Garduño, le directeur de prison qui a militarisé la migration, arrive au ministère de l'Éducation

Dans un geste surprise, Francisco Garduño, tristement célèbre pour ses pas d'oie à l'Institut national des migrations, revient à la politique nationale mexicaine en tant que chef d'un secteur au sein du ministère de l'Éducation publique. L'ancien directeur de prison, qui a militarisé les soins d'immigration au Mexique et a été poursuivi pour la mort de 40 migrants lors de l'incendie d'un refuge à Ciudad Juárez, sera désormais responsable de la Direction générale des centres de formation professionnelle. Là, selon le secrétaire à l'Éducation, Mario Delgado, « leur participation sera fondamentale pour la réforme de l'enseignement secondaire et supérieur en cours avec le baccalauréat national ». Selon Delgado, Garduño, qui a presque 80 ans et qui a dû être judiciairement contraint de s'excuser auprès des proches des 40 défunts, « est un fonctionnaire exemplaire ».

Cet incendie est une tache indélébile sur le palmarès de Garduño. Cela s'est produit en mars 2023 dans un poste d'immigration de Ciudad Juárez, Chihuahua, faisant 40 morts après que 67 hommes ont été enfermés au milieu d'un incendie pour protester contre les conditions à l'intérieur du refuge. Dans les récits des survivants et dans les vidéos de sécurité, on retrouve la même séquence : les responsables de l'Institut et les agents de sécurité privés quittent le bâtiment, sans se retourner, laissant les migrants piégés, sous clé.

11 personnes ont été inculpées pour ce massacre, dont six agents de l'Immigration. L'un d'eux était Garduño. Selon le Bureau du Procureur général de la République, son accusation est due au fait qu'il « a commis des actes délictueux présumés en ne respectant pas ses obligations de protéger et d'assurer la sécurité des personnes et des installations dont il a la charge, favorisant ainsi les crimes commis contre les migrants ». L’enquête a également évoqué « un schéma d’irresponsabilité et d’omissions qui a été réitéré au sein de l’Institut national des migrations ». Selon ce qu'il a publié alors, au cours des neuf voyages qu'il a effectués pour les audiences judiciaires de 2024, il a dépensé un total de 41 millions de pesos.

Malgré cela, Garduño est resté à la tête de l'Institut jusqu'en avril 2025, survivant au changement d'administration. Quelques mois plus tard, il a été légalement contraint de présenter ses excuses aux familles des 40 migrants morts dans l'incendie. « Je vous présente humblement mes excuses profondes et sincères pour les souffrances et les dommages causés », leur a-t-il dit, tout en précisant qu'il le faisait sur ordre de la justice.

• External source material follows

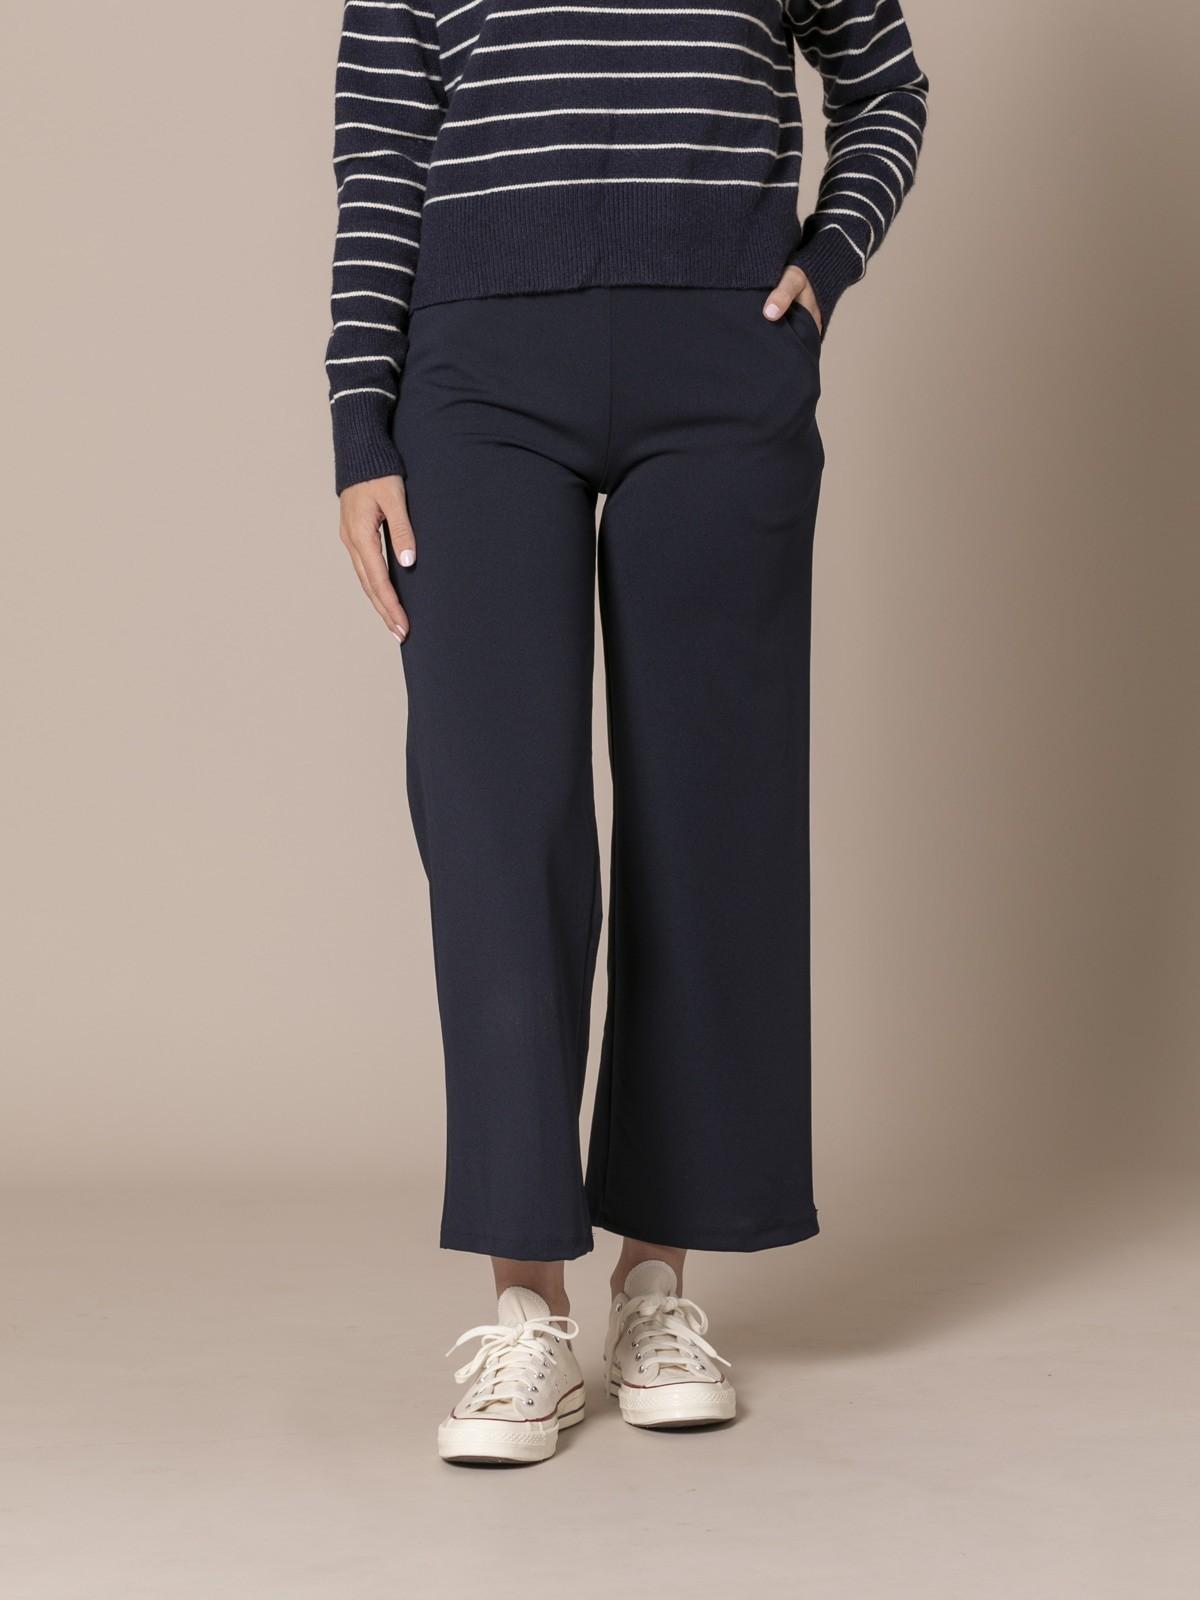 Pantalón mujer de caida con bolsillos Azul Marino

Garduño, fondateur de Morena et proche collaborateur d'Andrés Manuel López Obrador depuis 2000, a pris la direction de l'Institut national des migrations en juin 2019. Il avait dirigé les prisons mexicaines et avait une mission : faire de l'immigration le mur avec lequel le gouvernement de López Obrador pourrait satisfaire les États-Unis. Le président Donald Trump, alors dans son premier mandat, avait menacé d'imposer des droits de douane si le Mexique n'arrêtait pas les étrangers avant qu'ils ne franchissent sa frontière, envoyant ainsi la politique d'immigration du Mexique dans un virage copernicien.

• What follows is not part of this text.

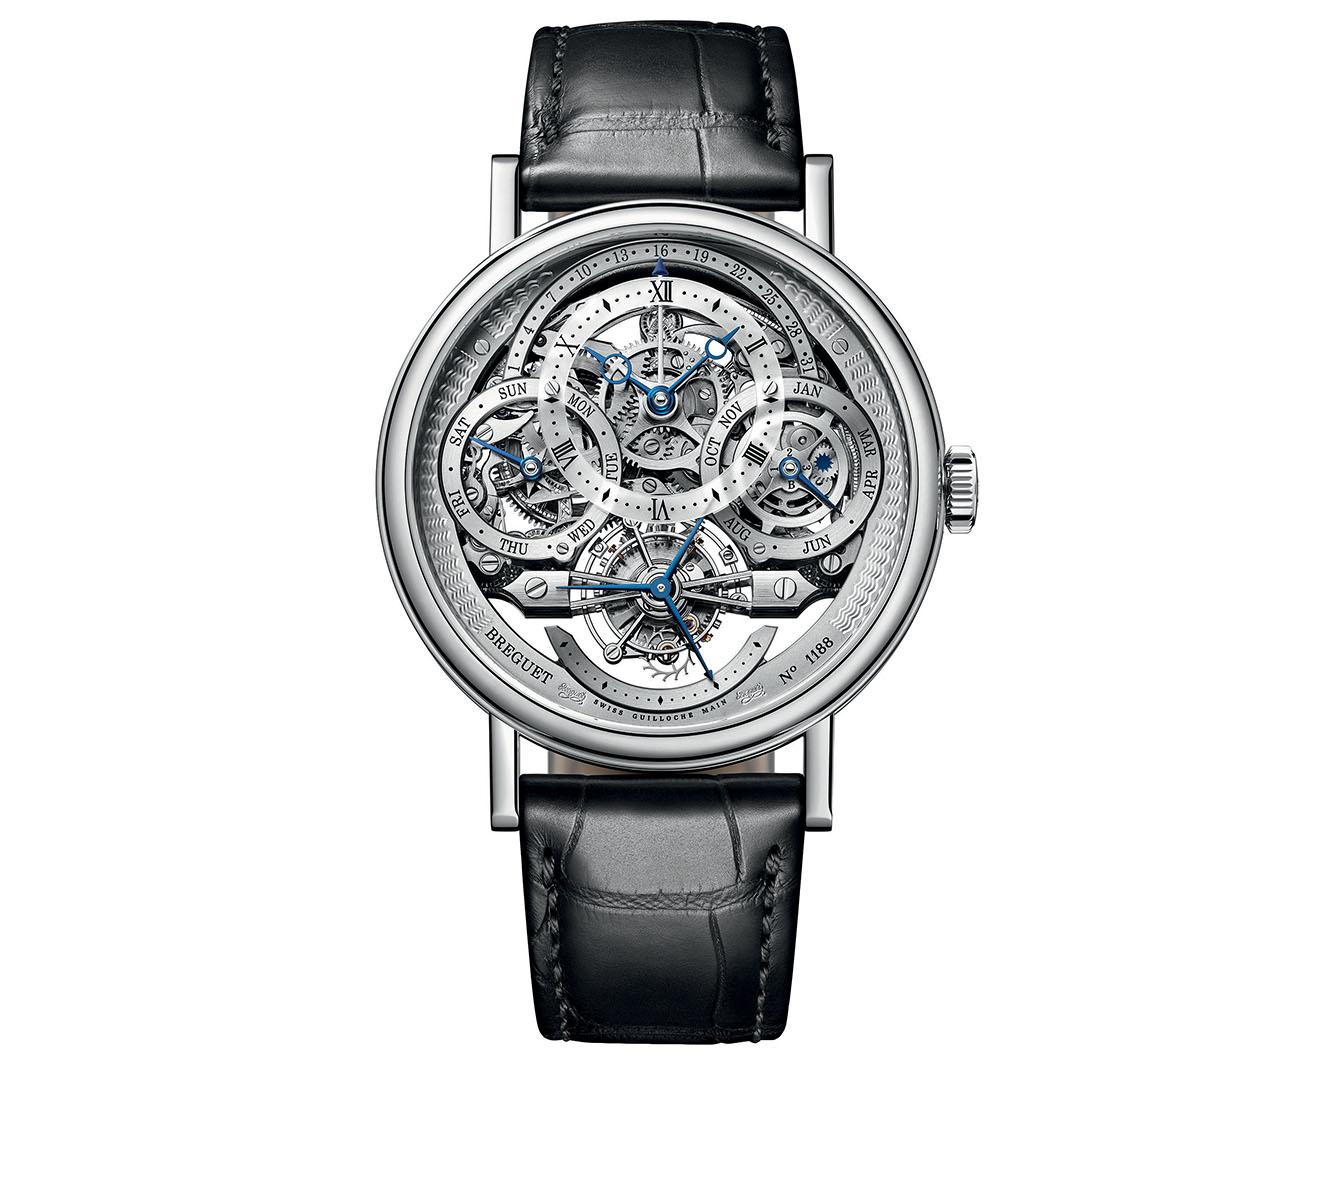 Breguet classique часов стоимость корпуса часов продам

Sous son mandat, la militarisation de l’Institut était proposée comme remède. Si avant les accords avec Trump, il y avait moins de 9 000 militaires affectés aux tâches d’immigration, d’ici 2022, il y aura plus de 40 000 éléments militaires et de la Garde nationale dans ces tâches. En juin 2024, sur les 32 titulaires de charges d'État, au moins 15 fonctions étaient dirigées par du personnel militairement formé, notamment des généraux de brigade, des généraux d'escadre et des contre-amiraux de la Marine. Une grande partie des stations migratoires se retrouvèrent également sous commandement militaire. Tout cela dans un contexte de record absolu d’arrestations de migrants au Mexique, qui est passé de 180 000 en 2019 à 1 200 000 personnes en 2024.

Le rapport de la Fondation pour la Justice affirme que « cette thésaurisation du personnel militaire a non seulement transformé la structure de l’Institut national des migrations, mais a également inculqué une culture militariste au sein de l’institution ». « L’approche disciplinaire, hiérarchique et répressive qui caractérise les forces armées a imprégné la gestion de l’immigration », disent-ils, « ce qui a accru les violations des droits humains des migrants, notamment lors des opérations de contrôle de l’immigration et de privation de liberté ».